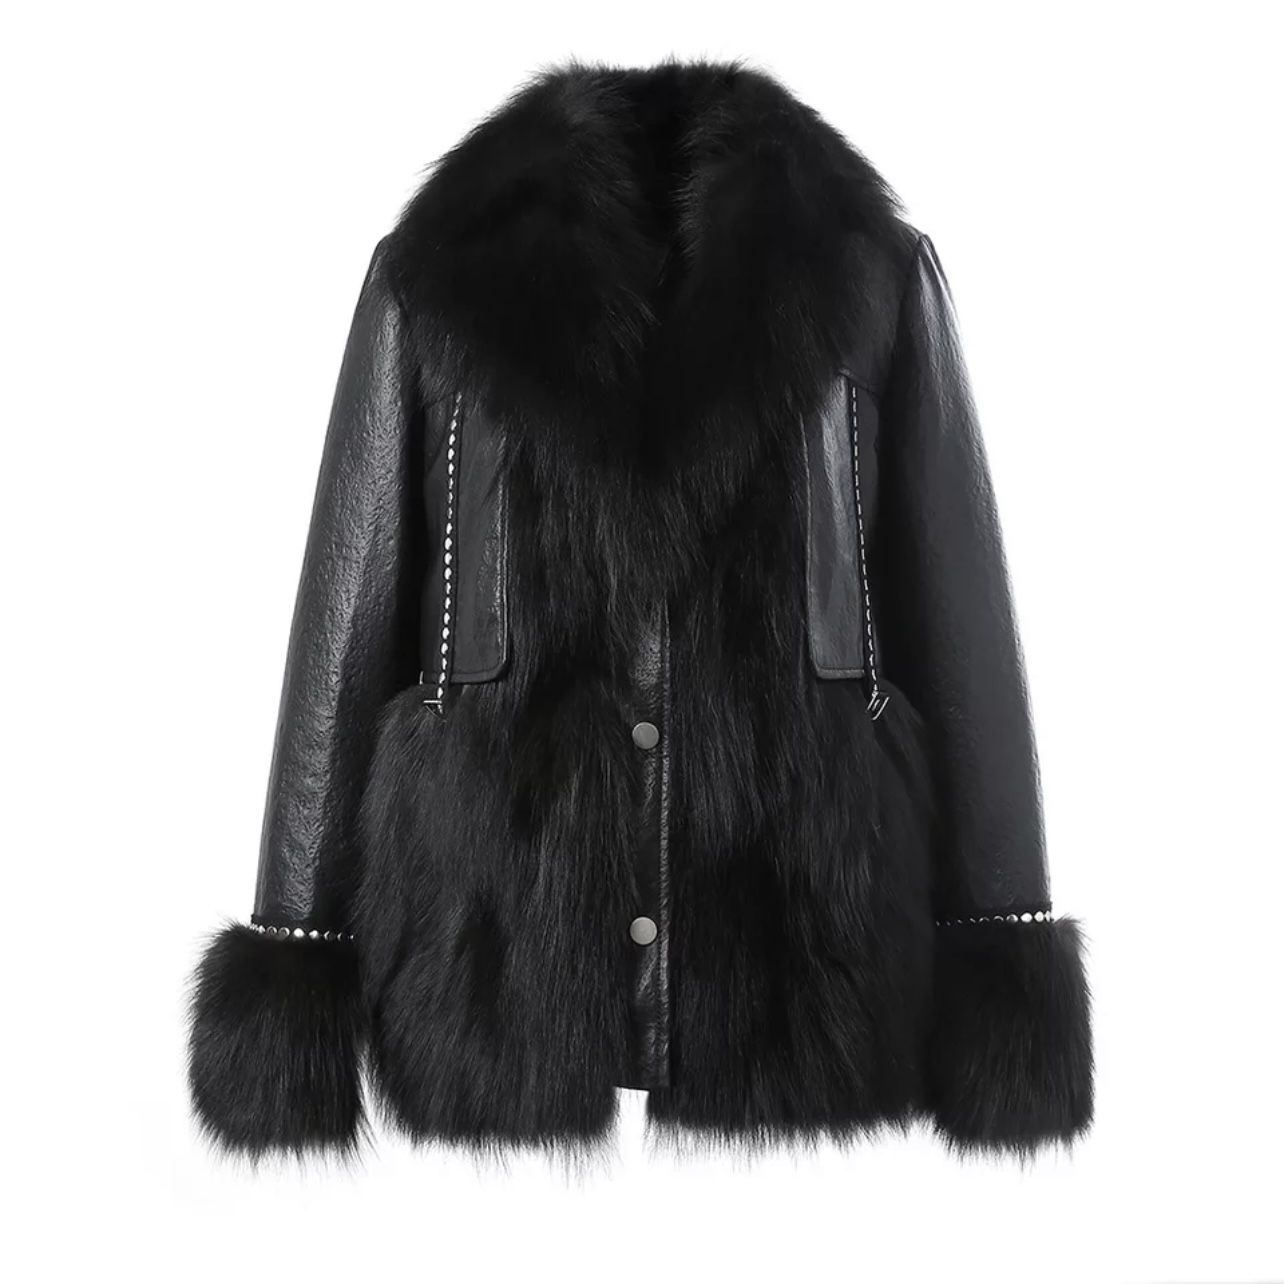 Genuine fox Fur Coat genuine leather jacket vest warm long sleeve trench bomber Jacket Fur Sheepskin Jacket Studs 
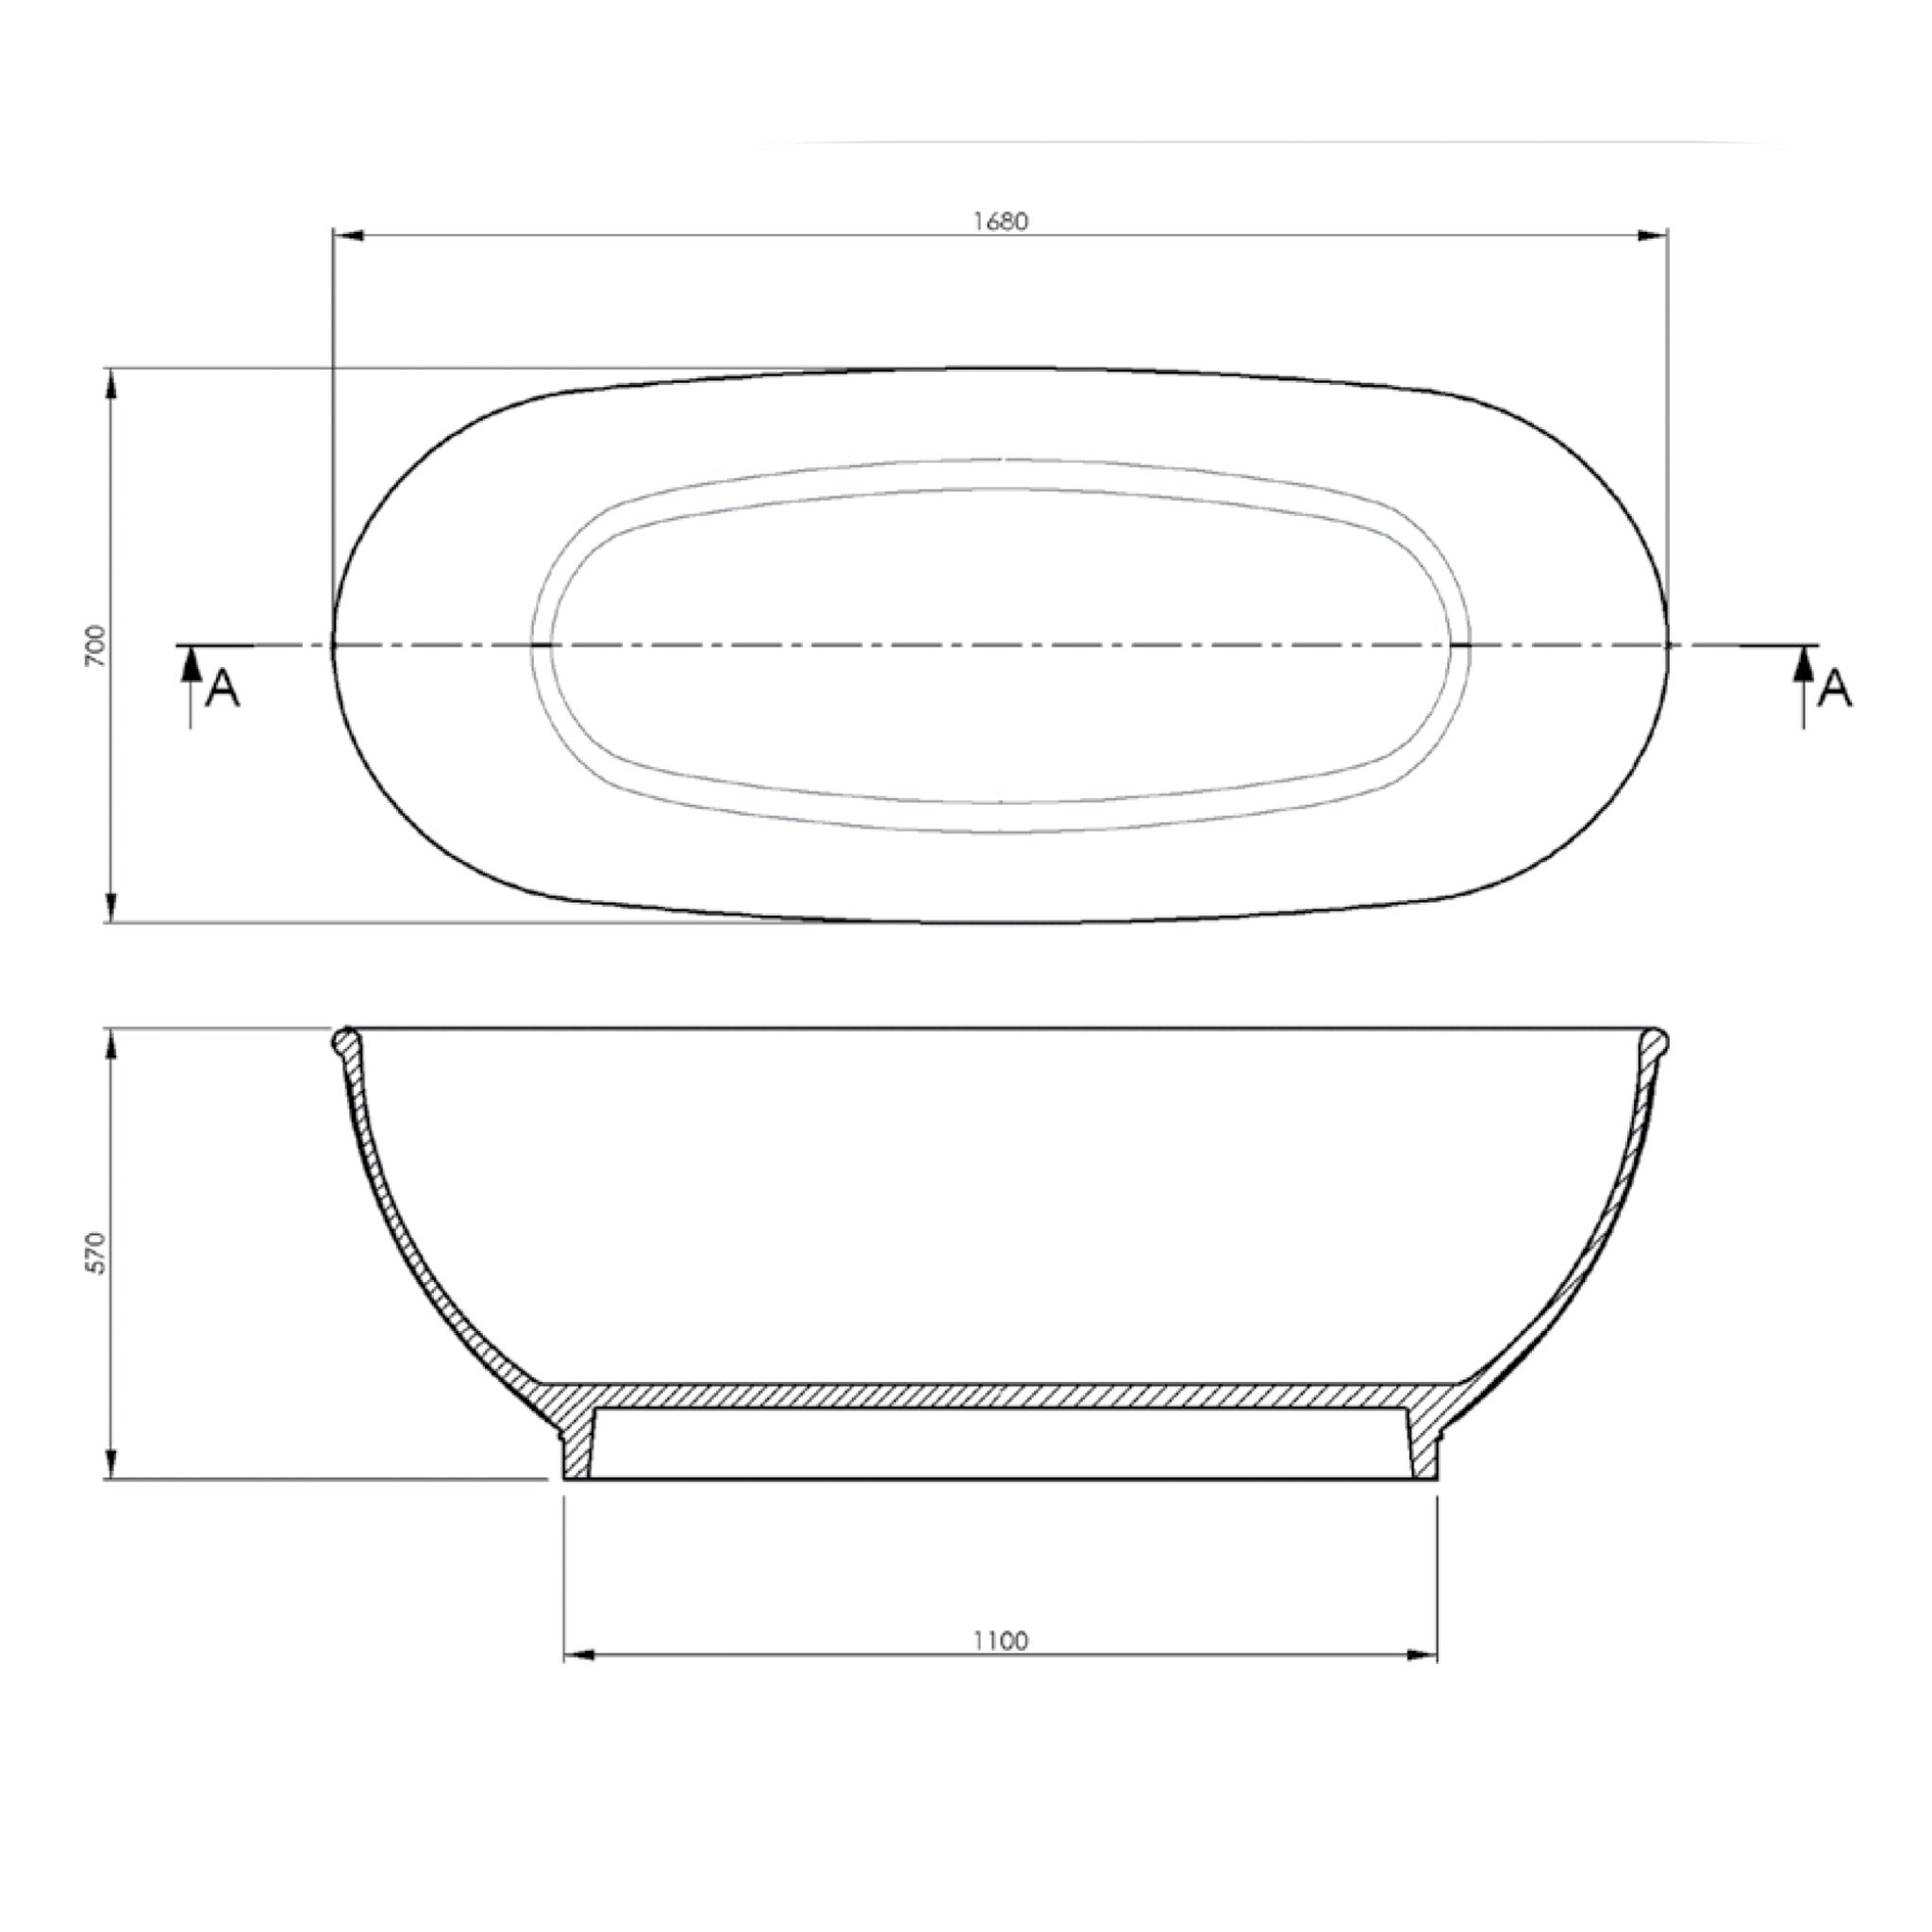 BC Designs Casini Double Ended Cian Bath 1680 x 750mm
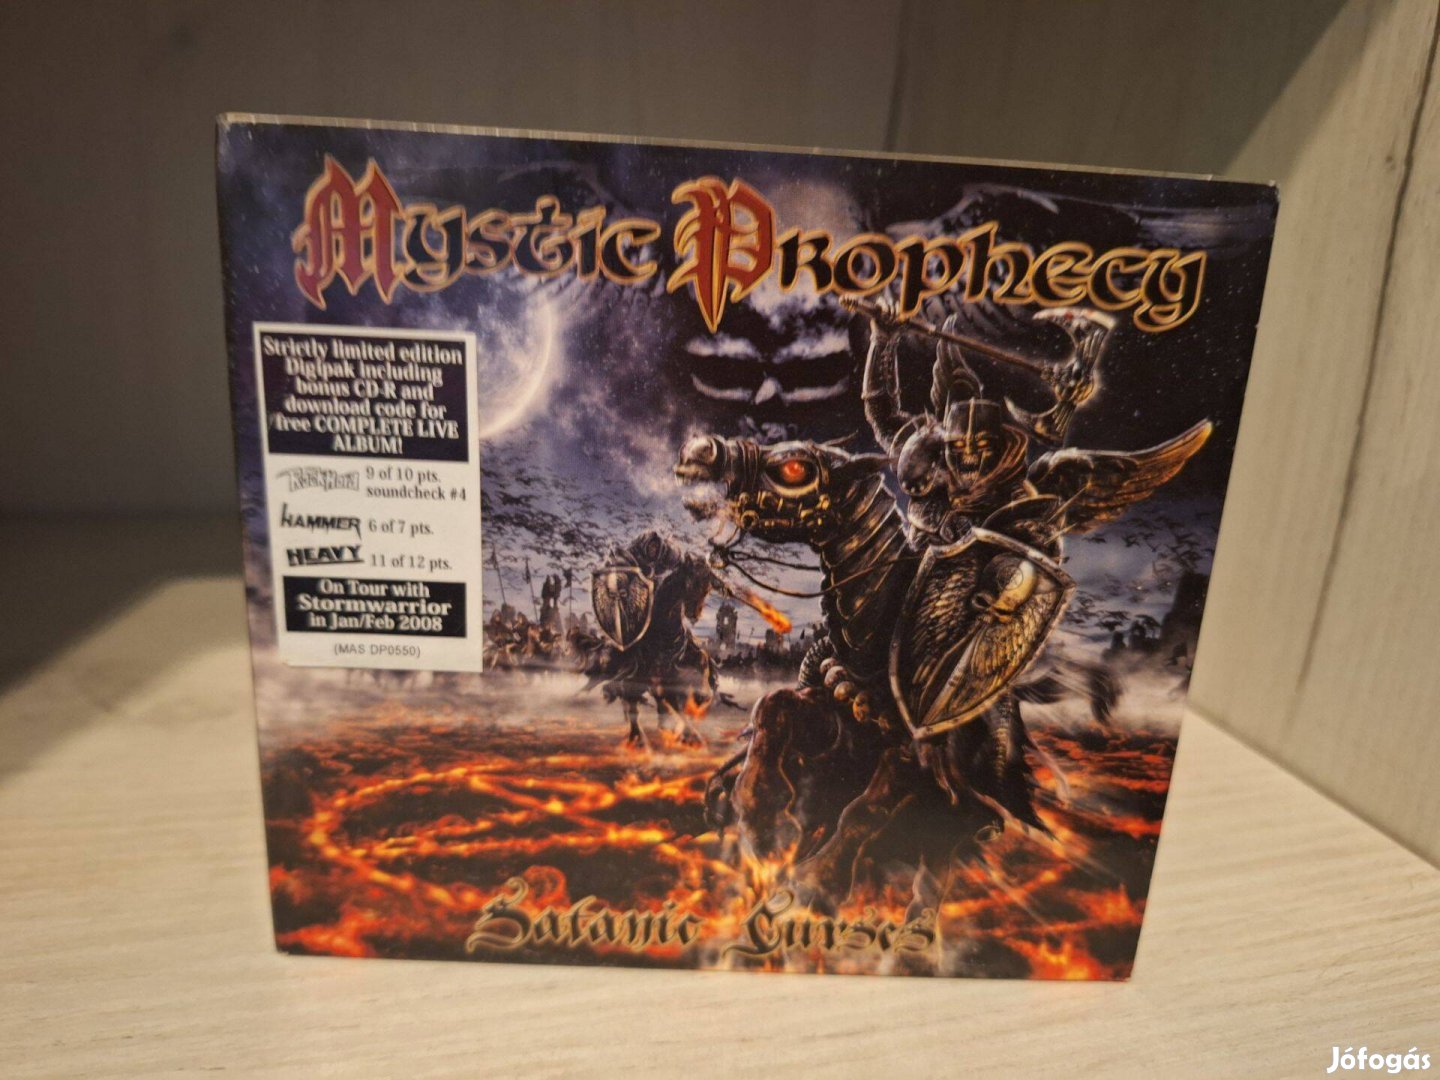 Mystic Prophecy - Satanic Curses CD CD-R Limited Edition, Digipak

==========

From the line that holds "BC Designs Casini" down to the last line of the material above, every line is to be copied exactly, both ends included; pictures are to be omitted.

 BC Designs Casini Double Ended Cian Bath 1680 x 750mm
 Mystic Prophecy - Satanic Curses CD CD-R Limited Edition, Digipak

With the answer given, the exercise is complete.